Our running example, Pawtograder, exhibits a client-server relationship:

Pawtograder has a clear client-server boundary between the Grading Action (client) and the Pawtograder API (server):

  • The action calls createSubmission() to register a grading run
  • The action calls submitFeedback() to post results
  • The API never calls the action—communication is always client-initiated
┌─────────────────────────┐         ┌─────────────────────────┐
│ Grading Action │ │ Pawtograder API │
│ (GitHub Actions VM) │ │ (Web services) │
│ │ HTTP │ │
│ ┌───────────────────┐ │ ──────► │ ┌───────────────────┐ │
│ │ createSubmission()│ │ │ │ Submission Record │ │
│ │ submitFeedback() │ │ ◄────── │ │ Grade Storage │ │
│ └───────────────────┘ │ │ └───────────────────┘ │
└─────────────────────────┘ └─────────────────────────┘
CLIENT SERVER

Benefits of client-server:

  • Centralized control and shared state across clients
  • Easier updates (change the server once, all clients benefit)
  • Server can enforce business rules and security policies

Constraints:

  • The server becomes a single point of failure
  • Network latency affects every operation
  • Requires handling network errors, timeouts, and retries

How Services Communicate: REST APIs

When clients and servers communicate over networks, they need a common protocol.
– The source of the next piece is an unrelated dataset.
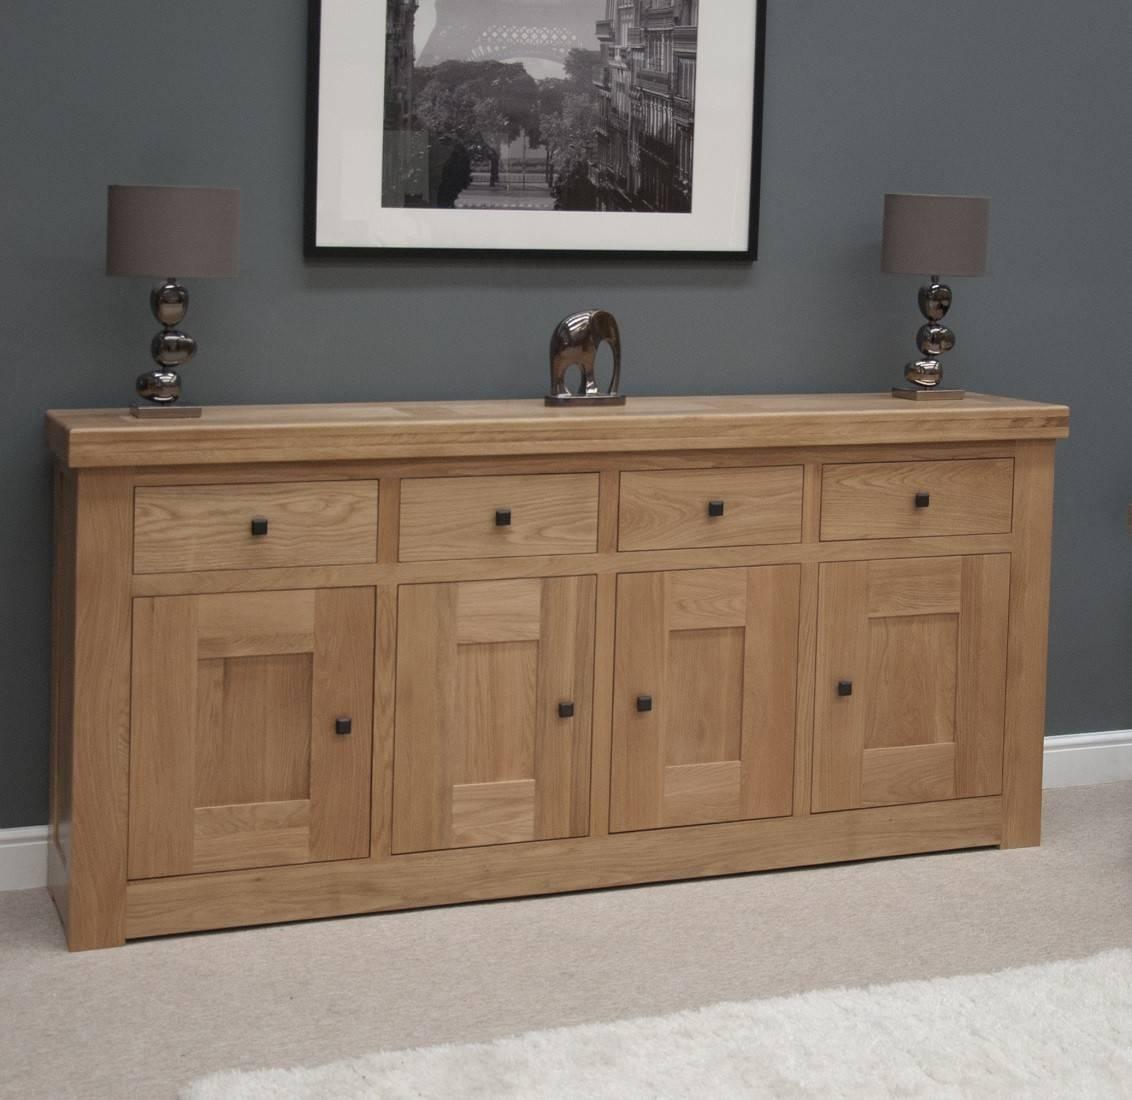 French Bordeaux Oak Extra Large 4 Door Sideboard | Oak Furniture Uk Pertaining To Sideboards Uk Sale (#8 of 20)

HTTP (Hypertext Transfer Protocol) is the foundation of web communication—it's how your browser talks to websites, how mobile apps talk to backends, and how services talk to each other.

An HTTP request has three key parts:

  1. Method (also called "verb"): What action you want to perform
  2. URL: Which resource you're targeting (e.g., /submissions/123)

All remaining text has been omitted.